Domestic violence: do 19 in 20 abusers escape conviction?
11th Mar 2014
"'Scandal' of domestic violence as more wife beaters walk free. Nearly 19 out of 20 abusers escape conviction"
The Sun, 11 March 2014
Just days after International Women's Day, the Sun has reported on a 'scandal' of domestic violence towards women in England.
But its figure implying that 95% of abusers escape conviction shouldn't be taken too far. These figures are gender-neutral, so these aren't all 'wife beaters'. We don't have accurate figures as to the extent of domestic violence and the rates being quoted aren't 'conviction rates' in the usual sense of the term.
No single definition of domestic violence
Domestic violence can mean different things to different people and the way that it's recorded varies too. Even having a figure for specific domestic violence incidents doesn't adequately measure its prevalence more generally.
'Domestic violence' isn't something people can be arrested for by the police as it's not in itself a legal definition.
Instead, the police record 'incidents' (not necessarily crimes) of domestic abuse. These are cases where there is "threatening behaviour, violence or abuse (psychological, physical, sexual, financial or emotional) between adults, aged 18 and over", and is also the definition of domestic violence employed by the Crown Prosecution Service (CPS) when cases are referred to it by the police.
But not all incidents of this sort come to the attention of police, so the Crime Survey also asks people about their own experience of domestic abuse - here more widely defined as "non-sexual emotional or financial abuse, threats, physical force, sexual assault or stalking carried out by a current or former partner or other family member".
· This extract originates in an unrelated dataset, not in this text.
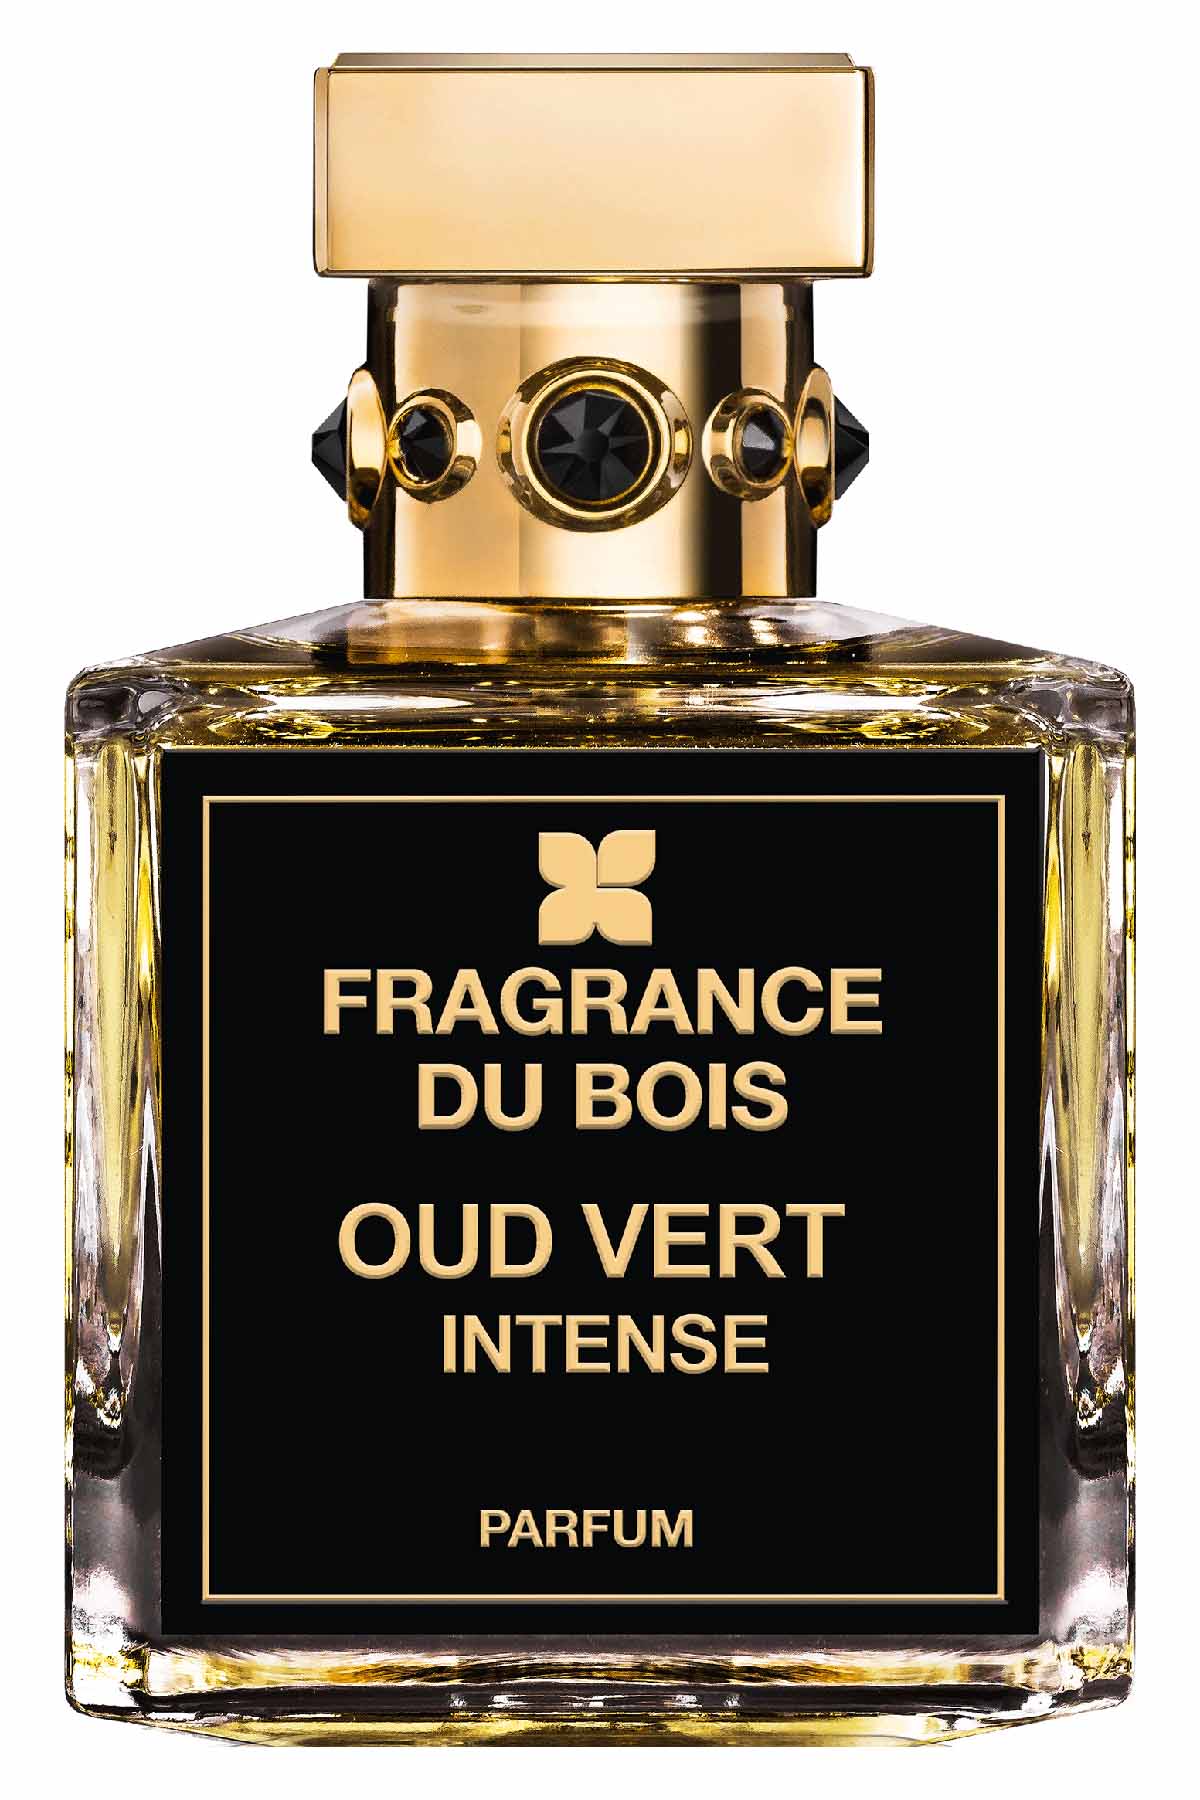 Fragrance Du Bois Oud Vert Intense Parfum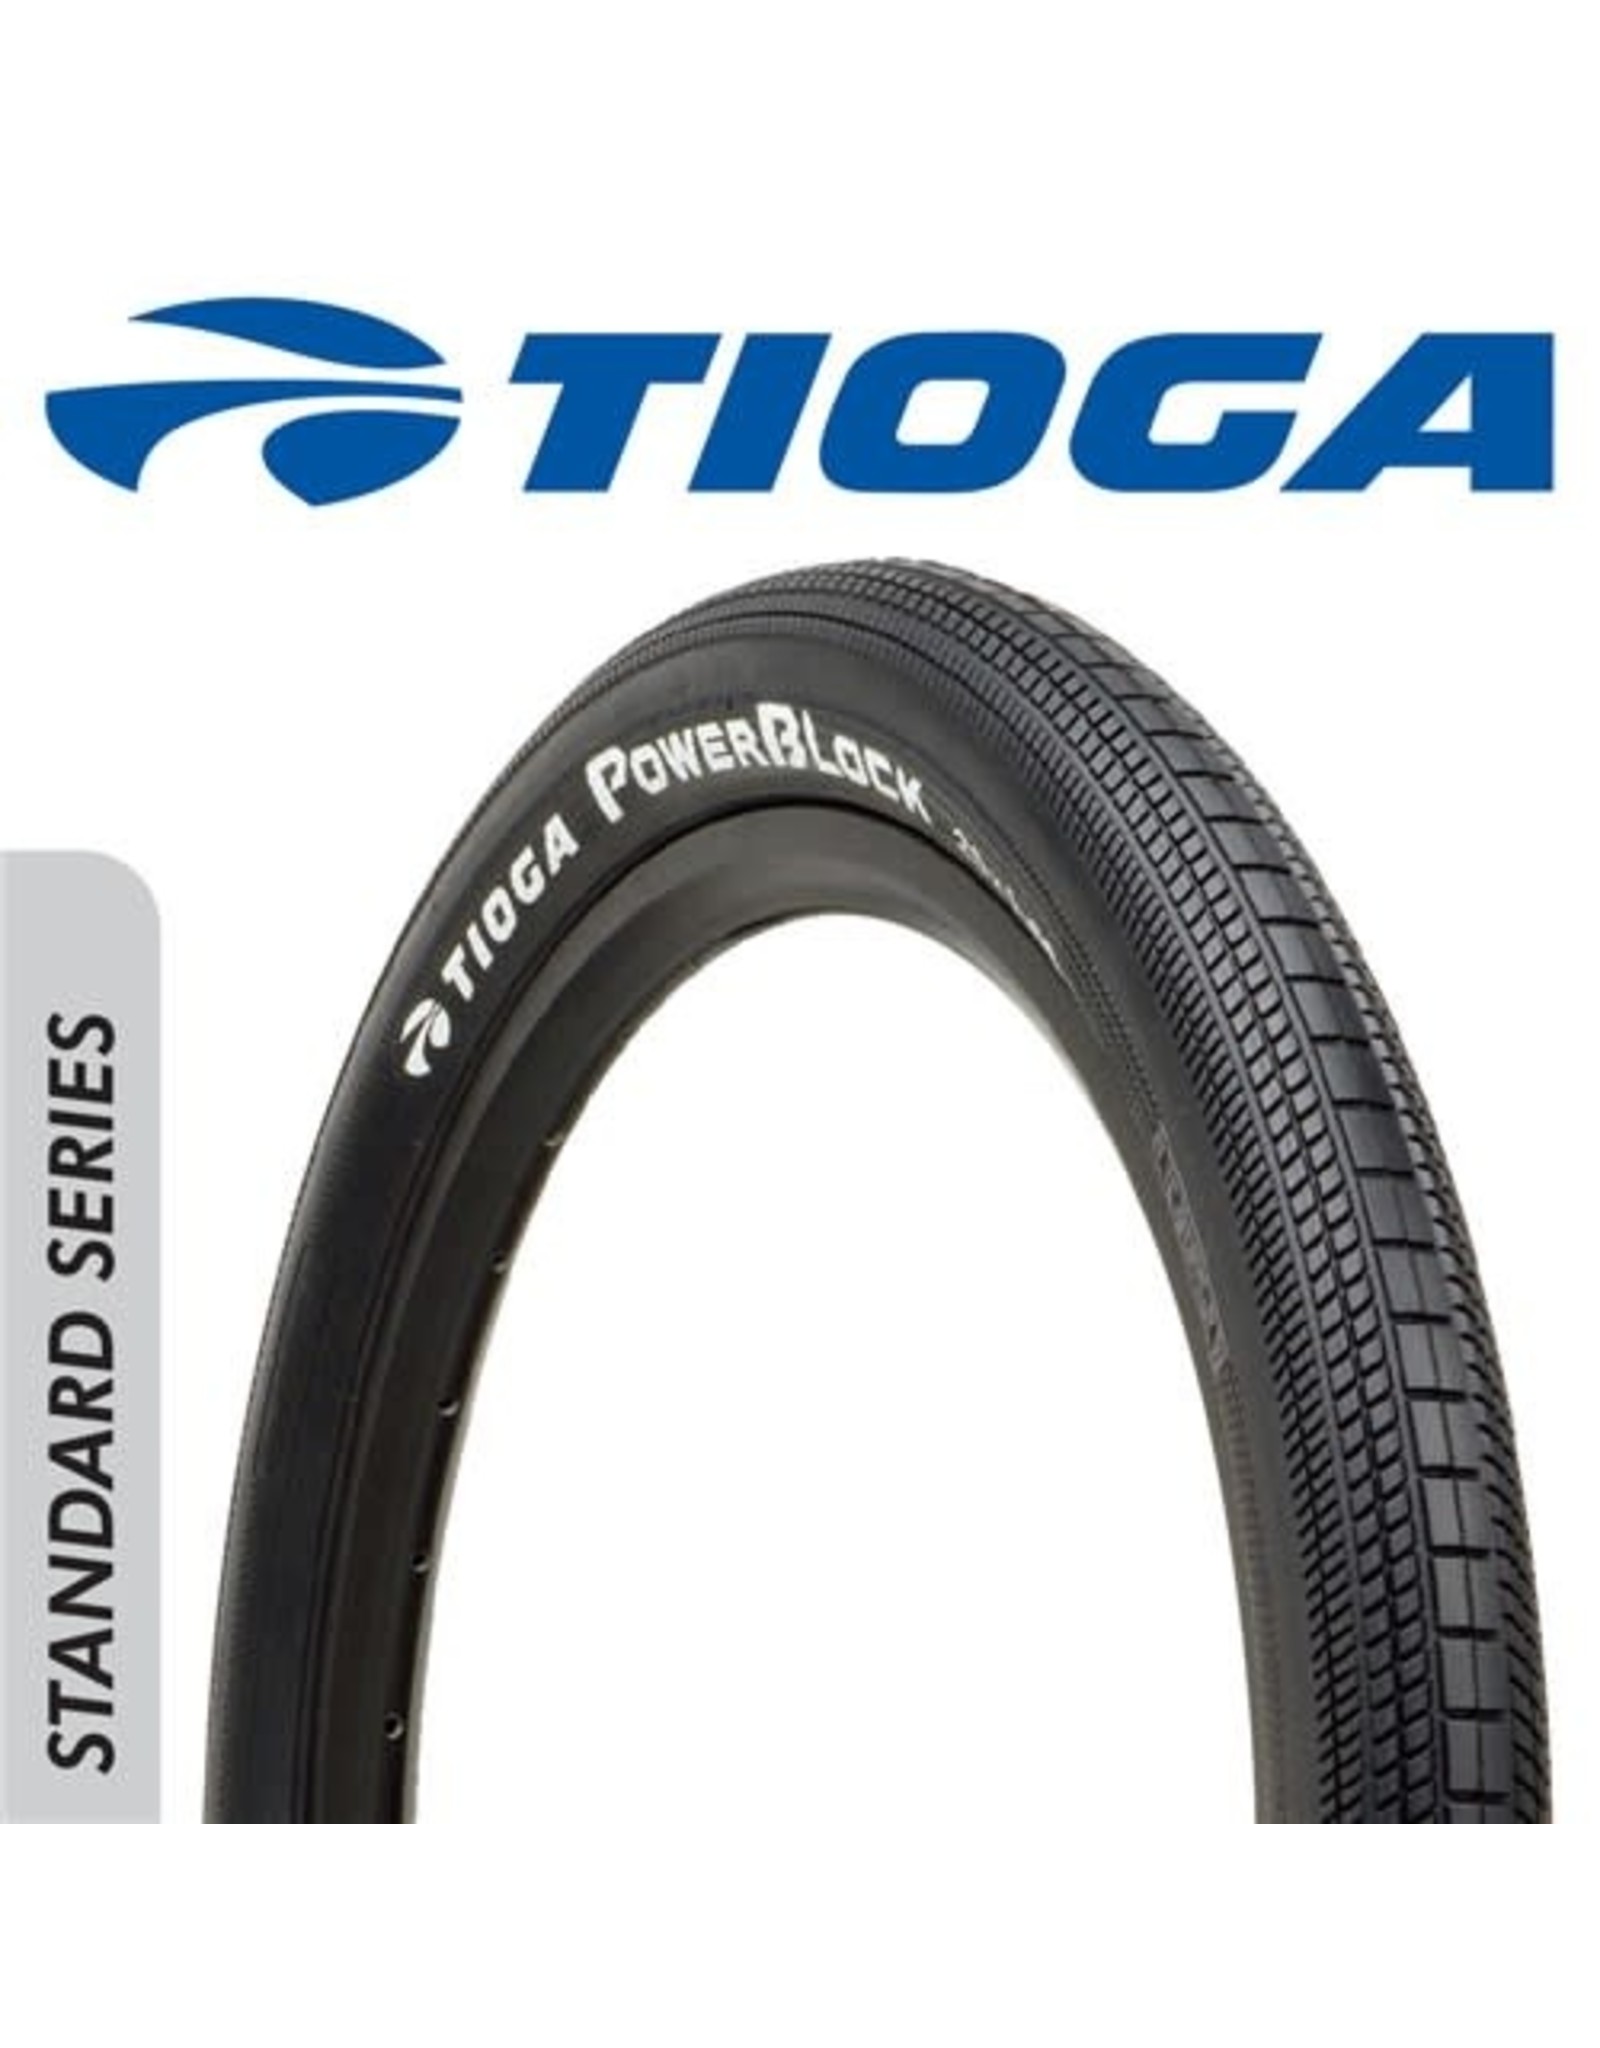 TIOGA TIOGA POWERBLOCK 20 X 1-1/8” TYRE

Two million adults reportedly experienced domestic abuse in 2012/13 - 1.2 million female victims and 700,000 male victims.
Not conviction rates
The Sun's figures are based on the number of domestic abuse incidents recorded by the police: 838,000 in 2012/13 and the number of convictions for domestic violence secured by the CPS for the same year: 52,500.
But this isn't the conviction rate in the usual sense that the term is used. As was pointed out in the Stern Review in relation to rape conviction rates, the conviction rate usually describes the proportion of all cases brought before court that result in a conviction, not the proportion of cases reported to the police that end up as a conviction.
Basing it on all cases reported to the police means cases where individuals were acquitted in court are included. Cases that weren't taken forward for one reason or another or where there wasn't enough evidence to prosecute are included. This becomes a big problem when the figures are framed like the Sun's version: that 19 out of 20 "abusers" escape conviction. There's no evidence this is the case.
The CPS only prosecutes: "where there is sufficient evidence and it is in the public interest to do so". A total of 70,700 people were prosecuted for domestic violence last year. Using this as the basis of a conviction rate shows that 74% of prosecutions were successful.
This won't be a satisfactory figure for many either, but the lack of comparable figures on the prevalence of domestic violence and how it relates to CPS convictions means the numbers can't be taken much further.